* **Exercise instructions**:
Restate word for word the lines of the entries below, starting with the line that holds "Lodge Cast Iron" and ending with the line that holds "High Speed Closed", and no others.

* **Data to examine**:
+ + + + + + +
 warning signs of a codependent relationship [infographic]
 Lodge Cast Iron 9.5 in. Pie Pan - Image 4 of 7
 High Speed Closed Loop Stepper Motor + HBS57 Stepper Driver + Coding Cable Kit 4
+ + + + + + +
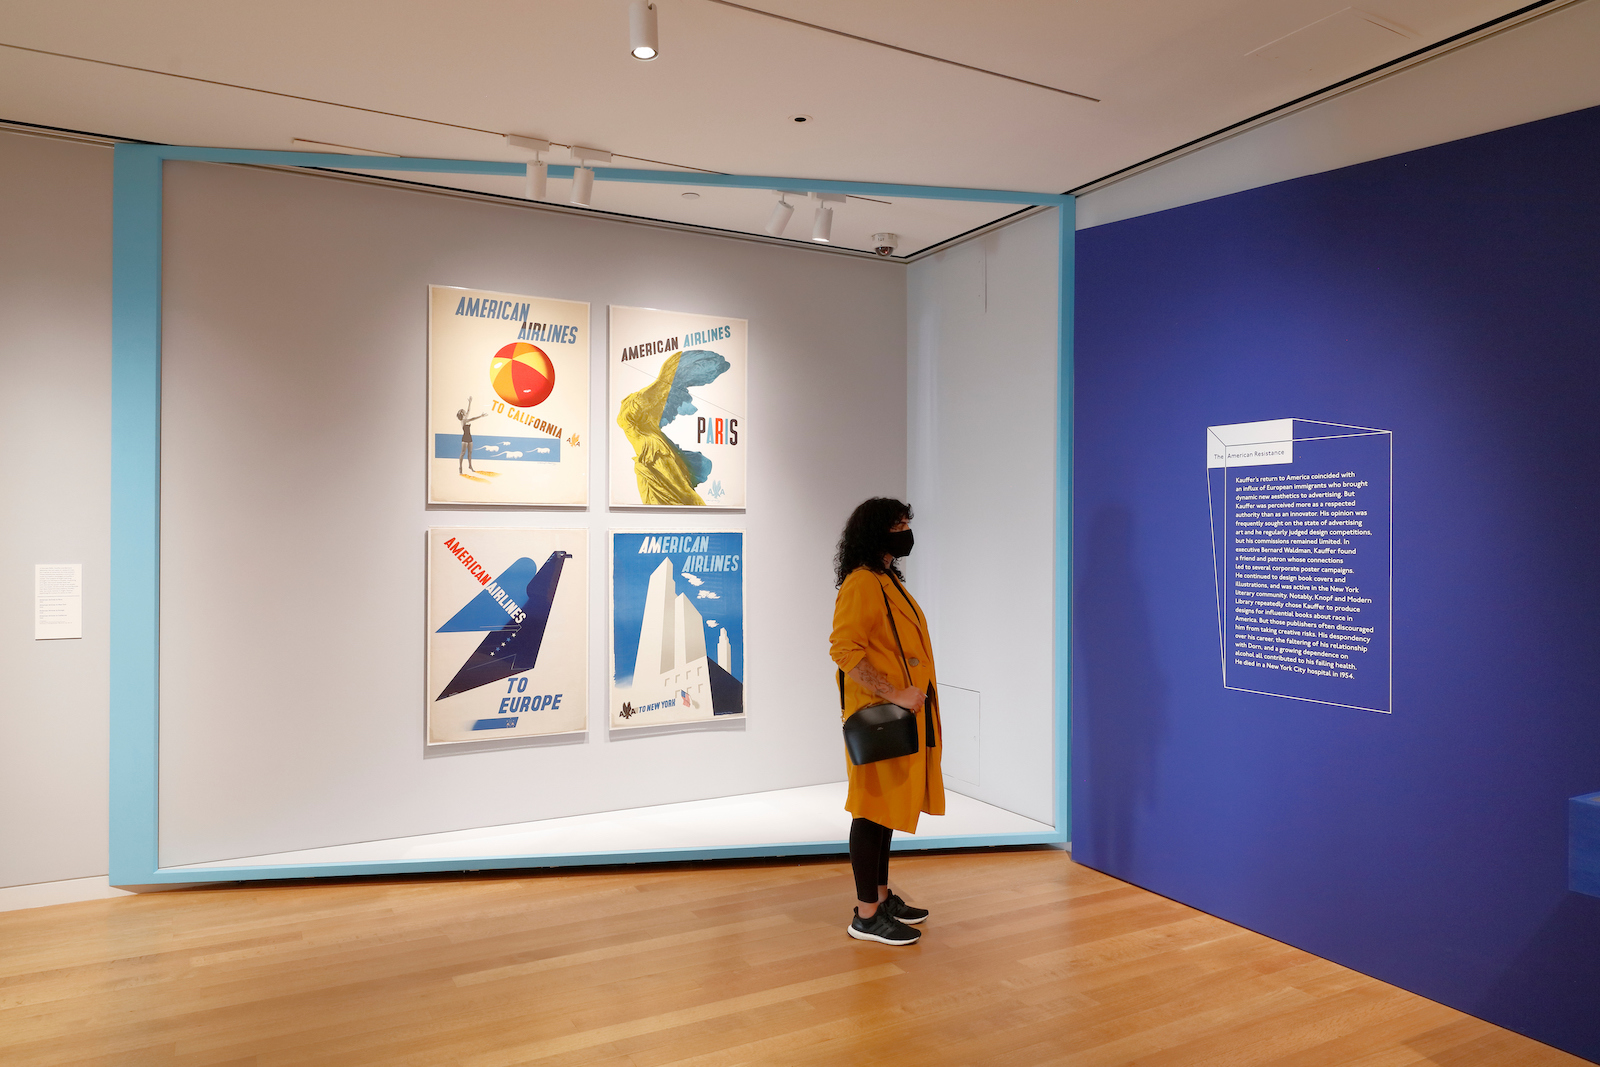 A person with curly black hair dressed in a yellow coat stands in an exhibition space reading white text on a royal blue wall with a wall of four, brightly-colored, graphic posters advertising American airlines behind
+ + + + + + +
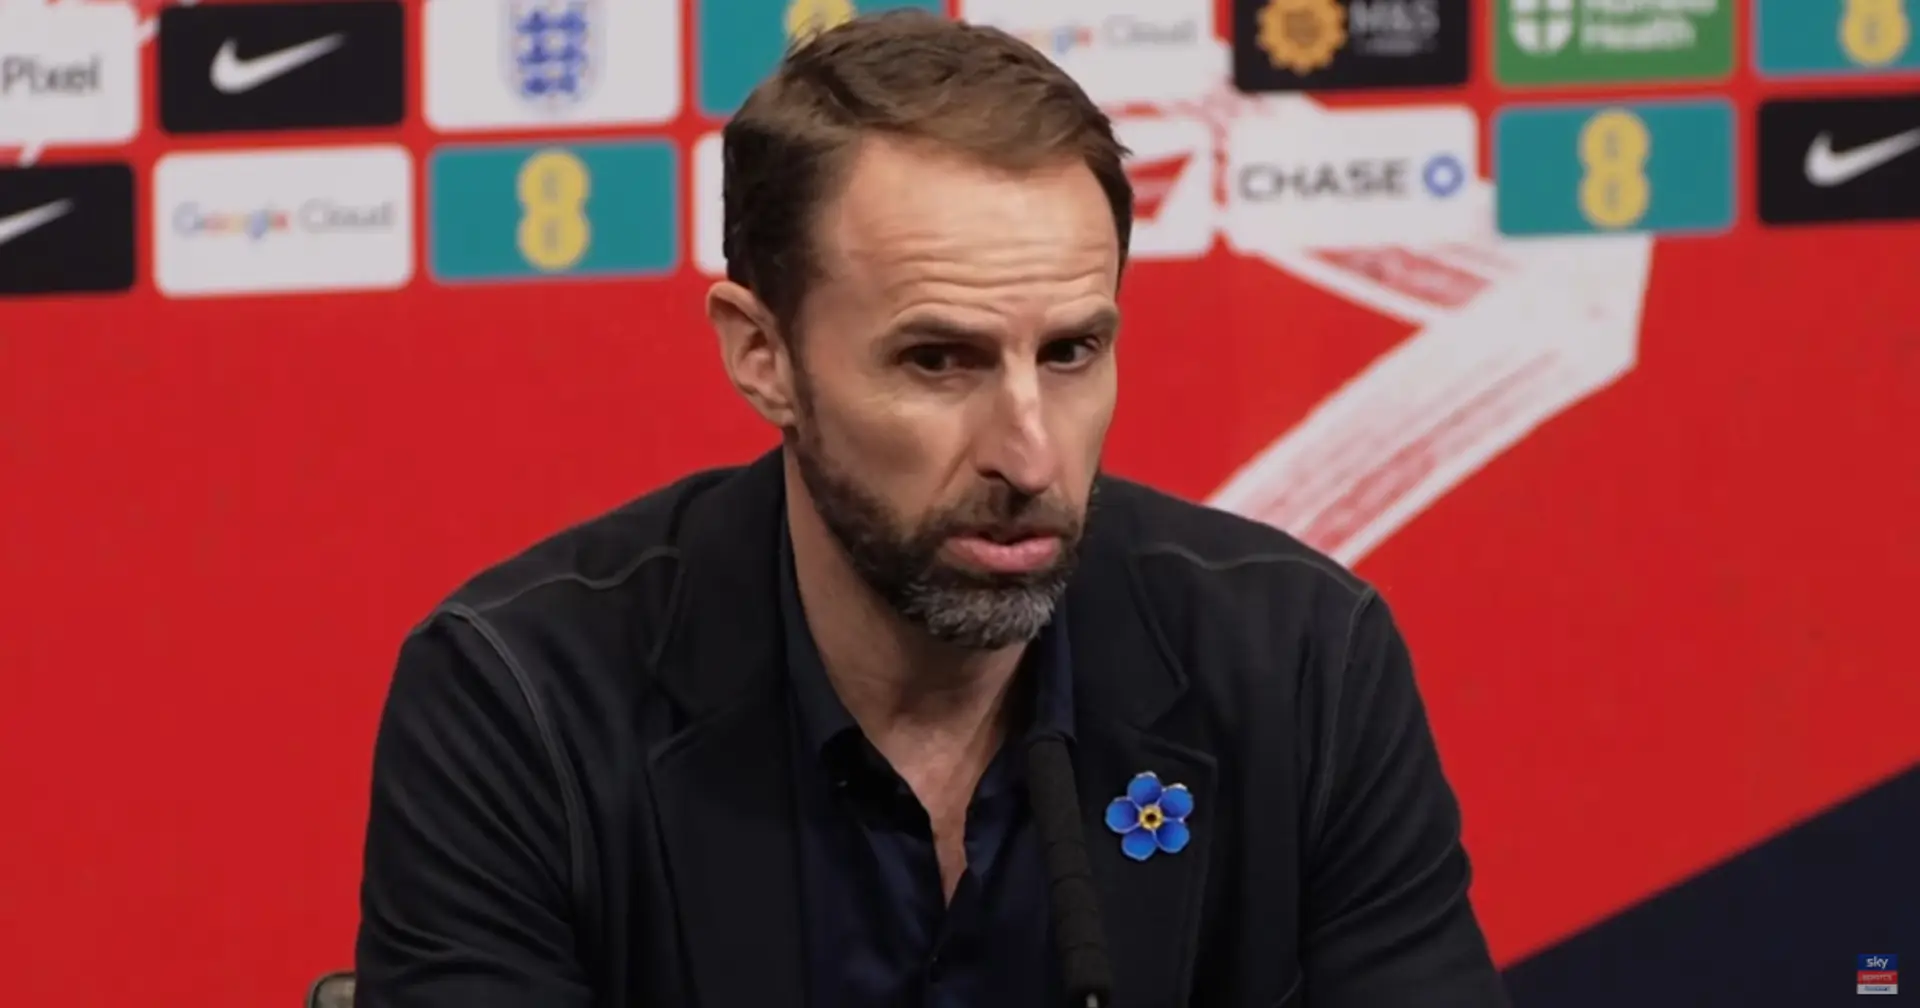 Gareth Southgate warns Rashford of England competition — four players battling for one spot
+ + + + + + +
* **Written reply**:
 Lodge Cast Iron 9.5 in. Pie Pan - Image 4 of 7
 High Speed Closed Loop Stepper Motor + HBS57 Stepper Driver + Coding Cable Kit 4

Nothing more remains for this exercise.